Hackerman's Hacking Tutorials

The knowledge of anything, since all things have causes, is not acquired or complete unless it is known by its causes. - Avicenna

Apr 7, 2022 - 15 minute read - Comments - semgrep automation

Code Review Hotspots with Semgrep

I will discuss the (not novel) concept of code review hotspots. Hotspots are parts of the code that might contain vulnerabilities. They are not suitable for automatic reporting, so security engineers should review them manually. I will define what I call a hotspot; I'll find some examples with Semgrep; and finally, I'll show how I collect these rules.

What is a Hotspot?

In this context, hotspots are parts of code that might contain security vulnerabilities. You are not "always" looking for a specific problem, but rather bad practices, common mistakes, insecure configurations, and in short, places where bad things usually happen.

It's impossible to review every line of code in a modern software project. So we search for a mental or written list of keywords like SSLv3, MD5, memcpy, or encrypt/decrypt. We are not sure we'll find anything, but these are good places to start looking for bugs.

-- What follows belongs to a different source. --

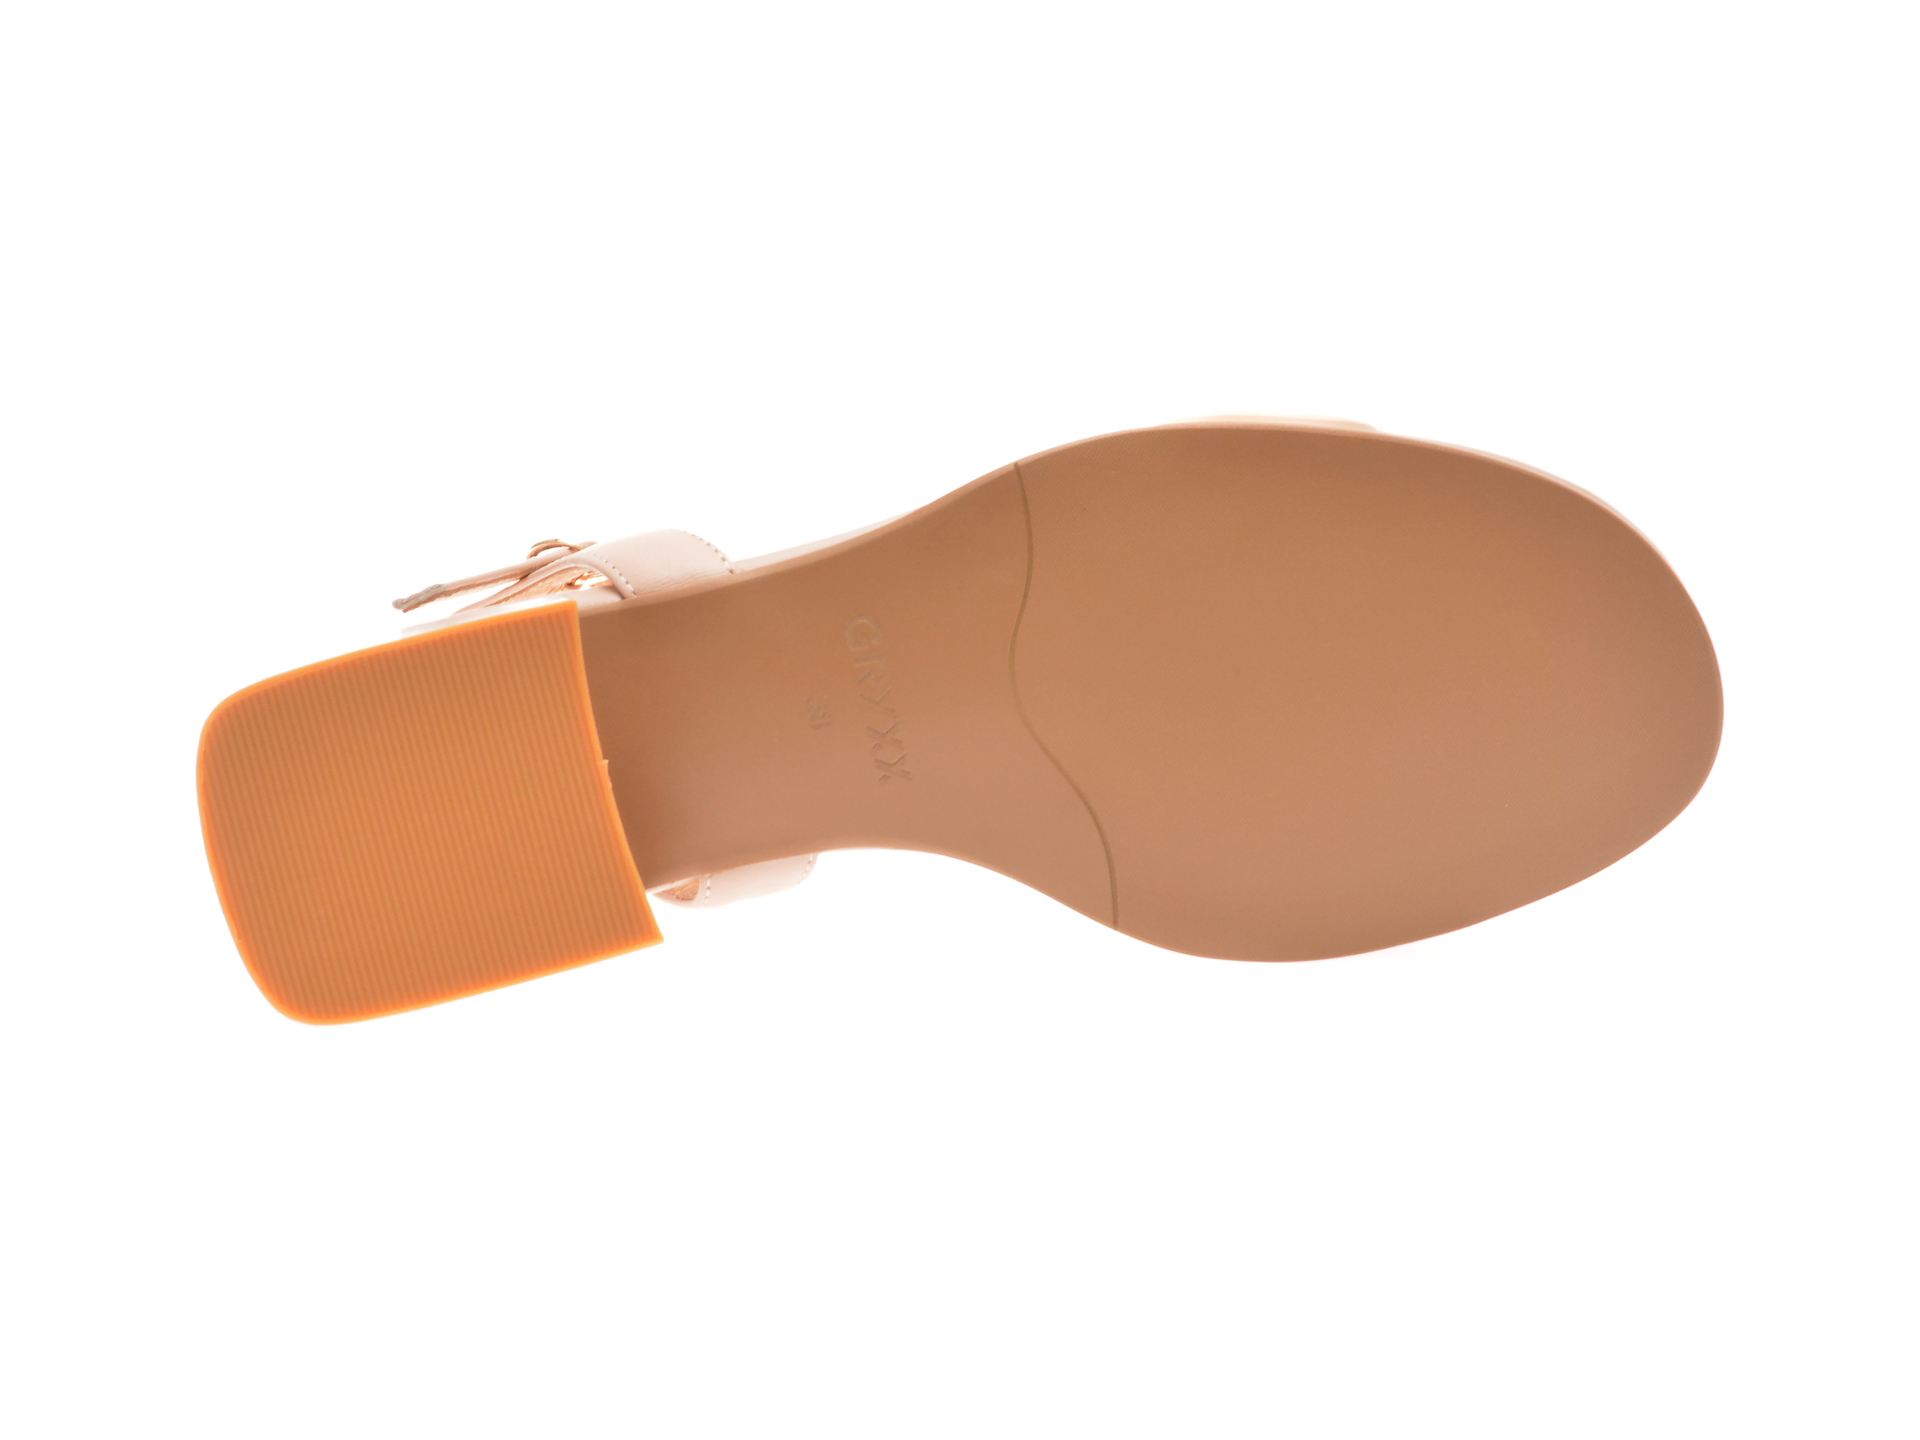 Sandale casual GRYXX nude, F51C09, din piele naturala

Types of Static Analysis Rules

You (as a security engineer) should have two separate groups of security-focused static analysis rules:

  1. security: For developers.
  2. hotspots: For security engineers.

Security Rules

security rules detect specific vulnerabilities (e.g., log4j). Ideally, they should be lightweight and return zero false positives. I should enable the developers to deploy my rules in their workflow (e.g., CI/CD pipeline or editor) with confidence and have faith that I will not waste their time. If not, they will stop trusting me and throw away (or circumvent) the application security apparatus. I would do the same.

Hotspot Rules

Hotspots are for me. I want to find error-prone parts of the code. I can usually discard false positives with a quick review. These rules should be very noisy, but don't spend too much time reducing the noise.

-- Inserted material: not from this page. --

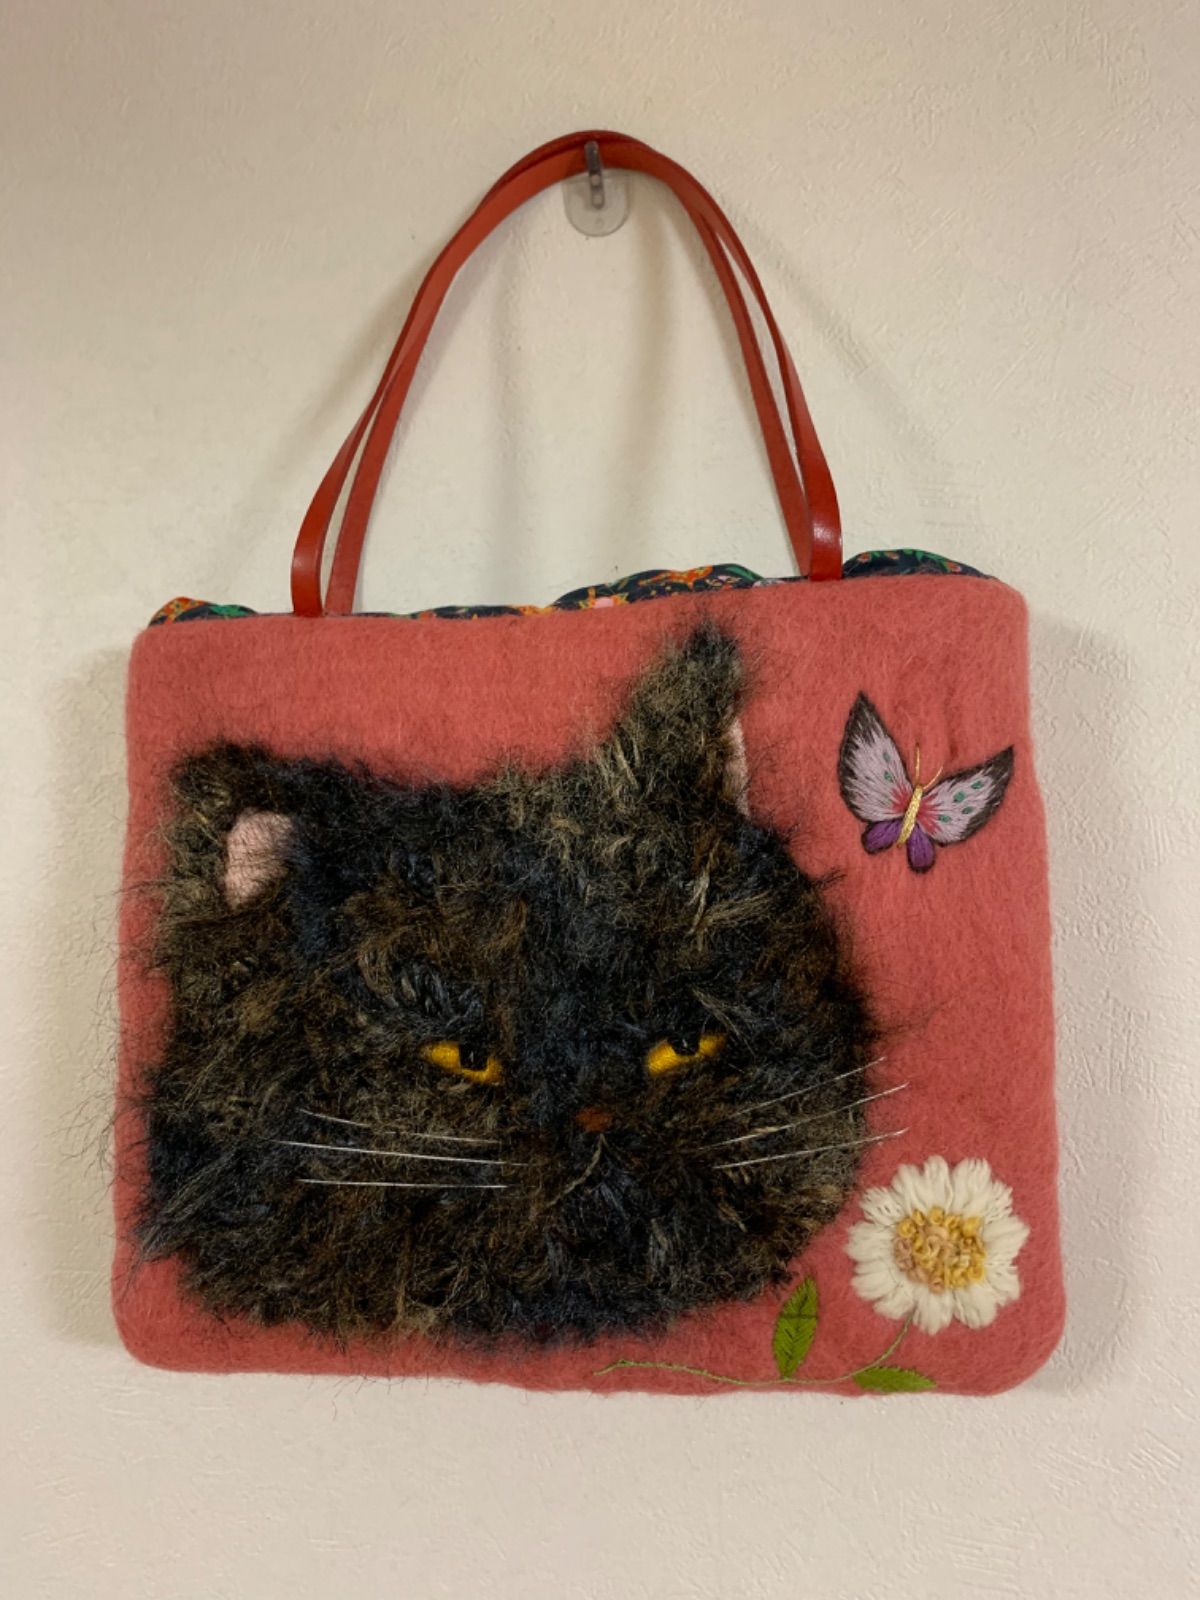 ペルシャ猫と蝶々とお花の刺繍 羊毛フェルト生地のバッグ - 世界に一つ

Review of Existing Literature

I am not proposing a novel idea. I have learned from others.

Everyone has a Hotspot List

Every security engineer has a personal (mental or written) list of keywords accumulated over time. .NET Interesting Keywords to Find Deserialization Issues by irsdl is a good example. You can find similar lists with a quick search. Collecting these are fun.

Hardcoded Secret Detectors

Hardcoded secrets are hotspots. There are a gazillion products and regular expressions to find API keys, passwords, and encryption keys. The results usually have high false positives and require manual review.

The Audit Category in Semgrep Rules

The Semgrep rules repository stores calls them audit rules and stores them under security/audit. You can run them all with the p/security-audit policy.

If a security rule is discouraging the use of a bad pattern (such as formatted SQL strings), we recommend appending audit to your namespace. This distinguishes it from a security rule that is specifically aiming to detect a vulnerability.

Audit Shouldn't be Under Security in the Semgrep Rules Repository

Semgrep bashing ahead.

Et tu, Parsia?

- r2c folks (OK! They actually didn't say this)

TL;DR: Running rules under security will also run the noisier audit. security and audit should be separate categories in my opinion. You can avoid this issue by using policies but it's still a problem with local rules.

Semgrep can use local rules with --config /path/to/rules/. It will run every rule in the path and any subdirectories. So, --config semgrep-rules/python/lang/security will also run the rules in python/lang/security/audit

We can directly use the registry without downloading the rules. --config r/python.lang.security will run all the rules in the registry under /python/lang/security including audit.

This behavior is not ideal. audit rules are noisy by design. I have organized our internal Semgrep rules differently. E.g., we have python.lang.security and python.lang.hotspots. I can pass the rules in security to developers and keep the noisy hotspots for ourselves.

Microsoft Application Inspector

Microsoft Application Inspector is a "what's in the code" tool. It has built-in features like cryptography or authentication. Each rule belongs to a feature and contains a list of keywords/regular expressions. If a rule has a hit, the final report will include that feature. For example, if the code has md5 the application has the cryptography.

I played with Application Inspector and DevSkim (an IDE linter that uses the same rule format) for a few weeks but decided they were not for me. Application Inspector is designed to present features (e.g., this app has authentication), but I was interested in navigating and reviewing the results.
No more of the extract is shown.